We will perform taxonomic classification using Kraken 2 against large databases of metagenomic and metatranscriptomic data to understand taxonomic identity despite lack of reference genomes. For functional characterization, we will identify open reading frames (ORFs) in contigs using NCBI ORF finder, functionally annotate ORFs, and extract specific pathway components of interest.

## Experiment Design

We will demonstrate our method by collecting 1 liter of ocean water from Wiley's Baths near Coogee, NSW, Australia on two separate occasions using plankton nets. We will process samples through tea sieves and filter paper for size selection, with additional centrifugation and sedimentation steps. Using the microscope-mounted cell picker, we will image and sequence 66 wells plus 4 negative control wells.

For each selected organism, we will capture brightfield images and, for a subset, additional epifluorescence images at emission wavelengths of 515, 595, and 681 nm before capture. We will confirm successful picking with post-capture brightfield images. Following cell capture, we will store lysis plates at -80°C before processing.

We will perform cDNA synthesis following the Smart-seq2 protocol, with reverse transcription at 42°C for 90 minutes followed by 70°C for 5 minutes. PCR amplification will use 26 cycles with specific temperature cycling parameters. We will normalize cDNA concentrations to 1.4 ng/μl and prepare libraries using the Nextera XT kit with 15 cycles of PCR, followed by bead purification using Agencourt Ampure XP magnetic beads.

Libraries will be sequenced on Illumina NextSeq 500 using reagent v3 kit (2×300 bases) at approximately 250,000 read pairs per well. We will filter reads using Trimmomatic and remove template switch oligo sequences and sequencing artifacts using custom scripts.

For analysis, we will visualize expression patterns of the top five most highly expressed contigs from each well to identify both "public" contigs (spanning most samples from single collection days) and "private" contigs (highly expressed in single wells only). We will assess taxonomic composition across all four superkingdoms and examine individual well phylogenies for taxonomic clarity and coexistence patterns.
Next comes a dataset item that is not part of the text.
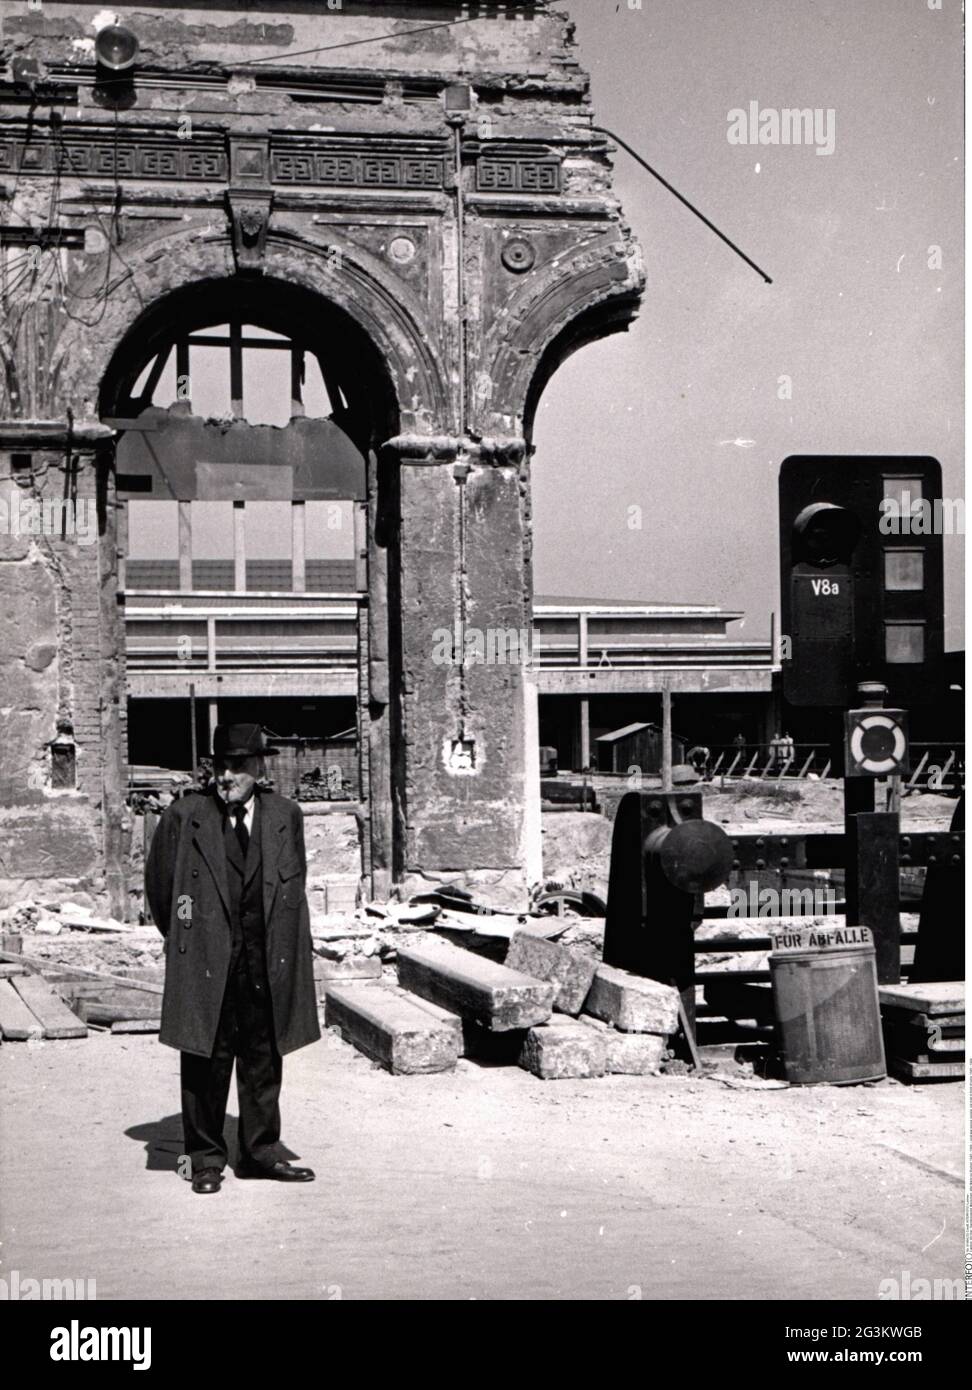 Période de l'après-guerre, personnes, vieil homme devant les ruines, 1945 - 1949, USAGE ÉDITORIAL EXCLUSIF Banque D'Images

To demonstrate functional applications, we will focus on photosynthetic organisms by identifying ORFs assigned to KEGG photosystem I and II complexes. We will use AlphaFold 3 to predict three-dimensional structures of protein complexes from individual organisms. For developmental analysis, we will examine highly expressed contigs from fish egg/larva samples to identify novel proteins related to cell cycle and embryonic development pathways.